I am also having troubles reproducing the problem - I get linker errors
when I build the reproducer (probably because I don't have the same
versions
of everything that Murali does - can you tell me what version of C++
they
are using?)
The problem is occuring because of the way Murali is linking with
libexc.
>From his script:
ld -o libz.so -taso -shared z.o -all -L/usr/lib/cxx/cmplrs \
/usr/lib/cmplrs/cxx/libcxx.a -lexc -none -lc -lots
-all tells the linker to bring in every symbol in an archive library
(.a)
file, regardless of whether or not that symbol is referenced by the
objects
that preceed it. It is effect on the command line until the -none
option is
seen. So, in the command line above, _all_ of the objects in
libcxx.a and
libexc.a will be included in libz.so.
This is what is bringing in the 'speculative execution' environment -
parts
of the speculative execution environment live in libexc.
I don't know why Murali is doing this but I think it is a mistake to do
so.
The speculative execution pieces of libexc should ONLY be brought in if
the applications uses speculative execution (and the compiler/linker
will conspire to do this for you - no user action required) You can
get all
sorts of misbehaviors by linking it in explicitly. [see below for the
details].
As an aside, it probably isn't a good idea to bind all of libcxx into
his
.so either - it will make his library much bigger.
What I haven't yet figured out is why this is failing on V4.0b - if it
'worked'
on V3.2x it should 'work' the same way on V4.0b, at least according to
what
I know at the moment. I have to get it reproduced before I'll be able
to
solve that. I will keep fiddling on my end, but if you can get me
more
details on their exact config that would be helpful.
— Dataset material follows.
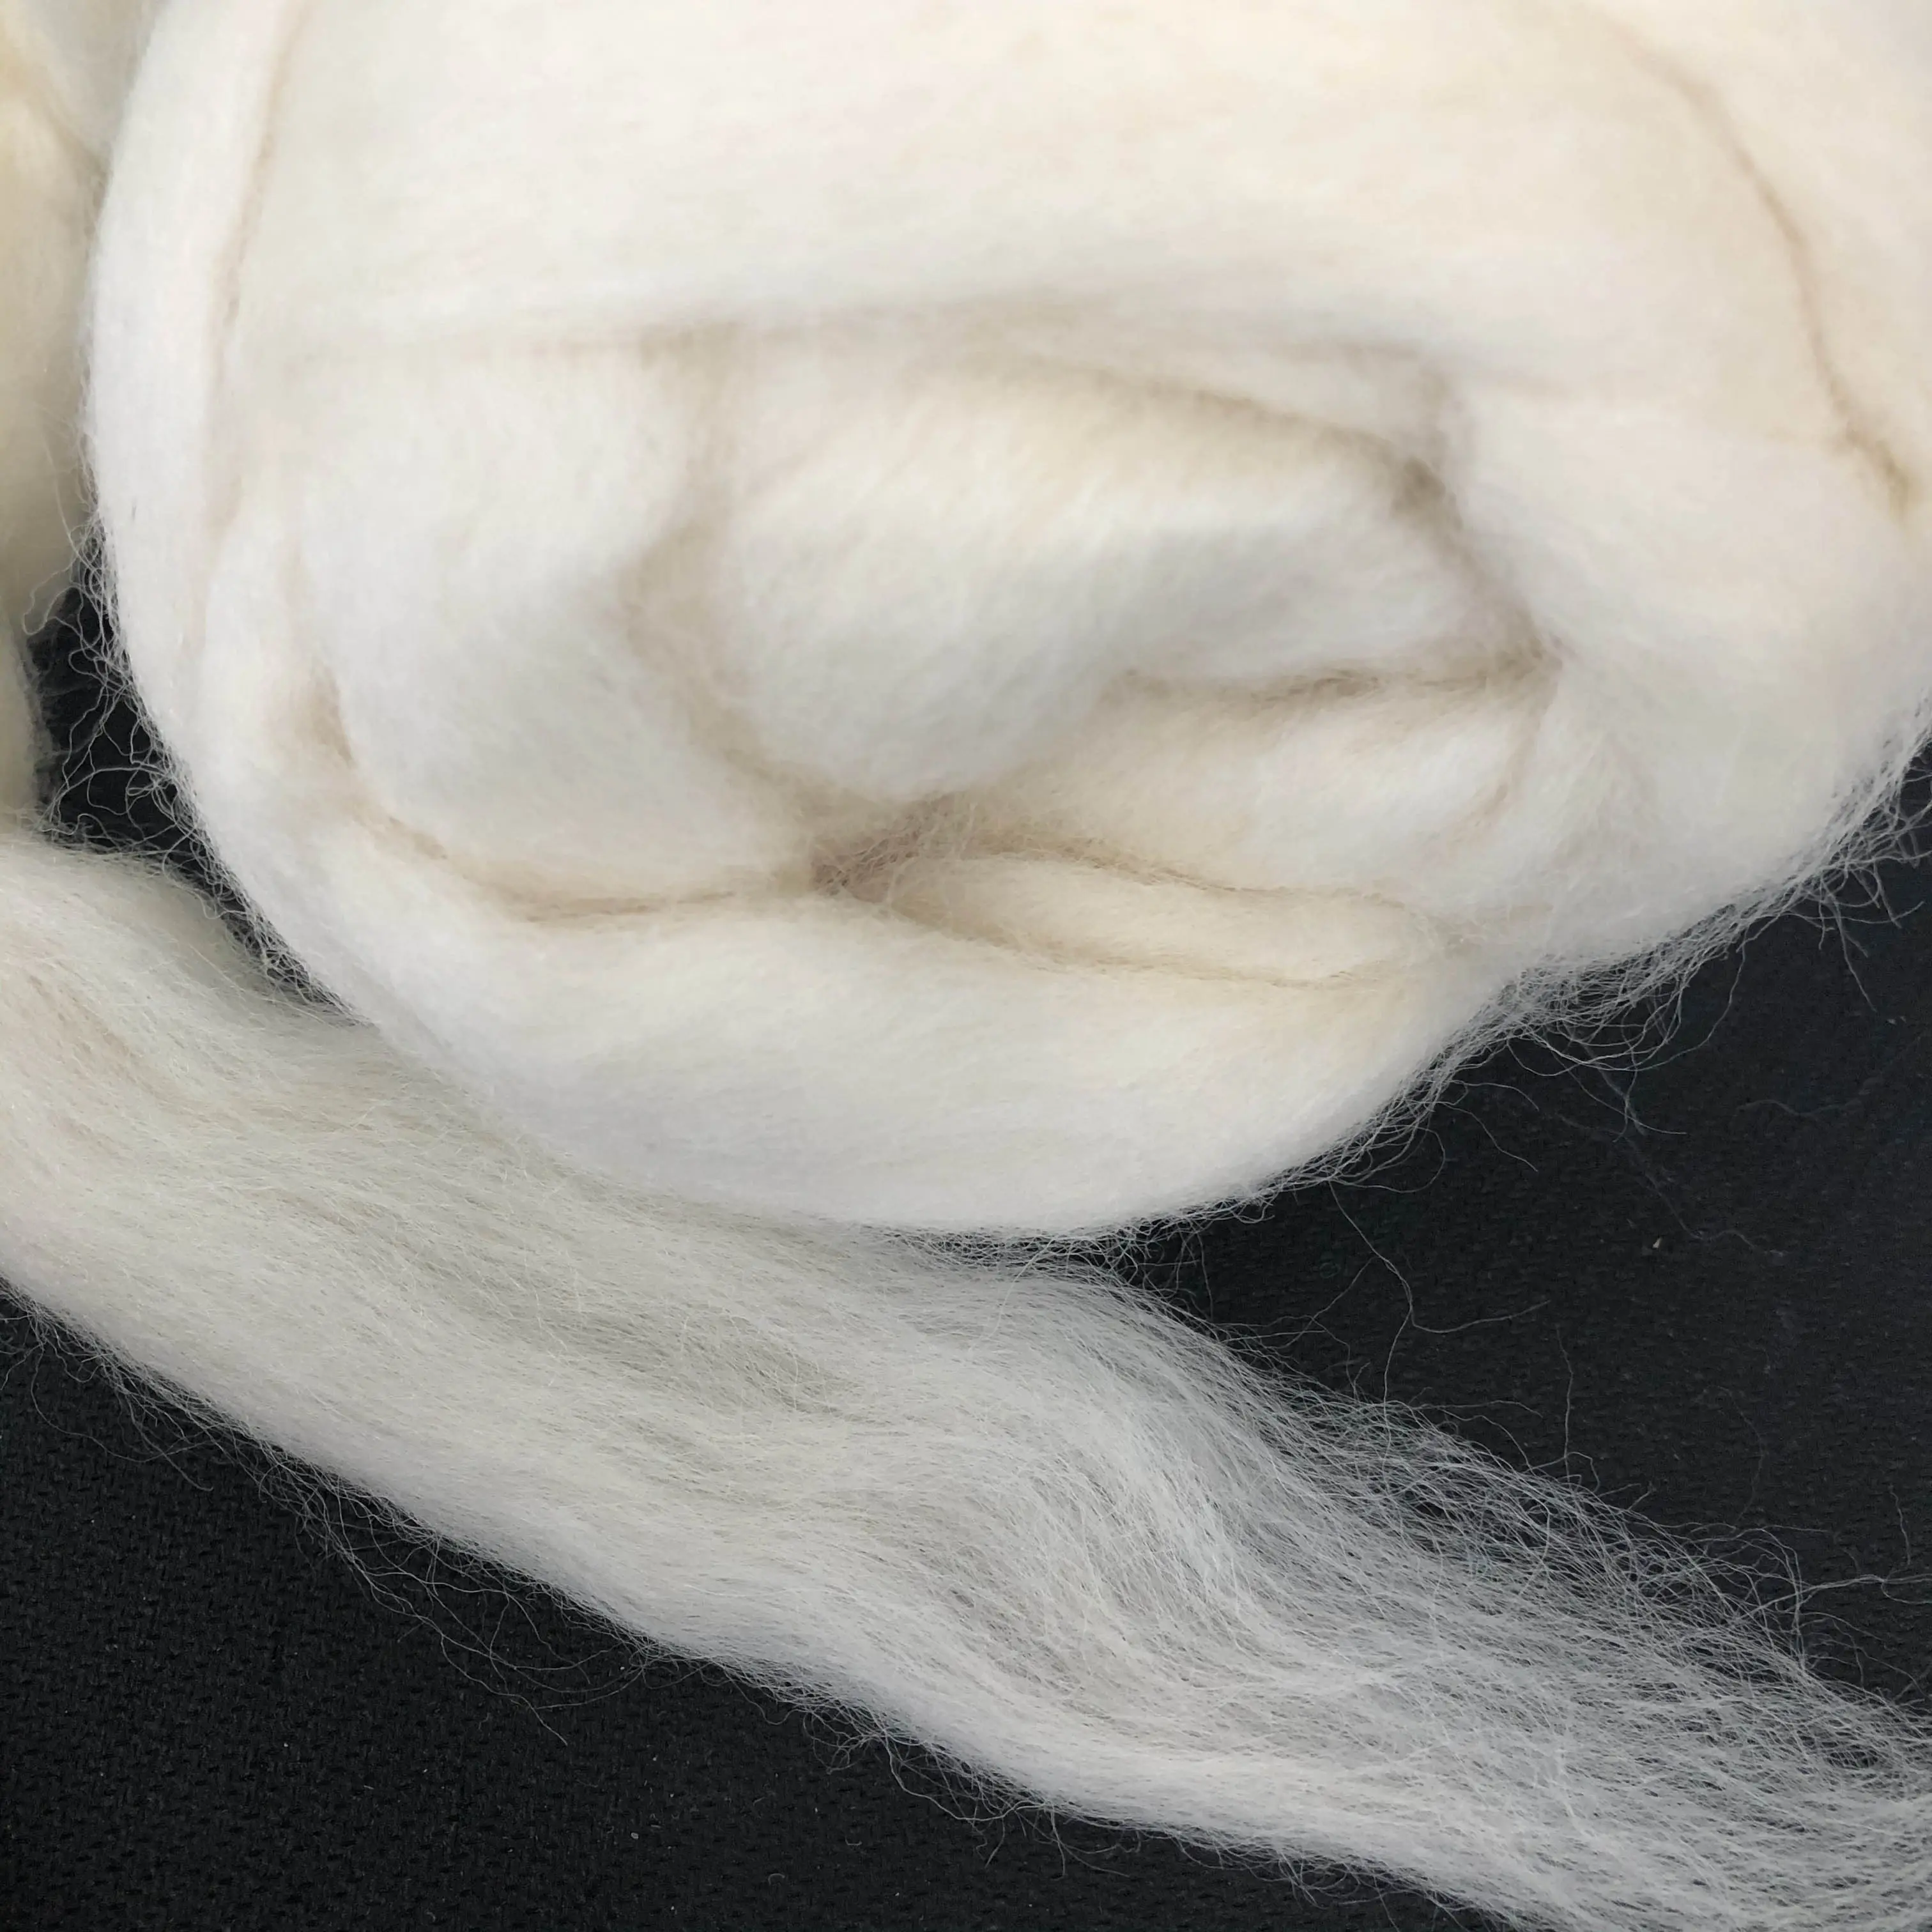 Top roving in lana australiana 19-21mic per filati per maglieria

On a book keeping note, do you know if this problem is also being
worked
through the IPMT system? I got a call today from the kernel developer
who
works on this stuff and they have an IPMT case complaining about the
same
symptoms - from a customer named 'ROLFE & NOLAN COMPUTER SERVICES'. Do
you know if this is the same set of folks?
Craig
[ Details on 'speculative execution'
Speculative execution is a scheduling optimization technique that is
used
on pipelined processors. The basic idea is that the compiler writes
code
that tries to do certain slow operations (like memory loads, and
floating
point ops) before it knows for certain whether or not everything is
ready
for those operations to be attempted.
As an example, consider a loop that accesses an array in sequential
order,
with a precondition on the loop that the pointer to the array is not
null.
If speculative execution is turned on, the compiler will schedule a
load
to the first array location before the test of the loop. If the
pointer
is non-null, this will mean that once the loop is entered the data for
the
first array access is already nearby in the cache and so will be loaded
quickly, speeding the execution of the loop.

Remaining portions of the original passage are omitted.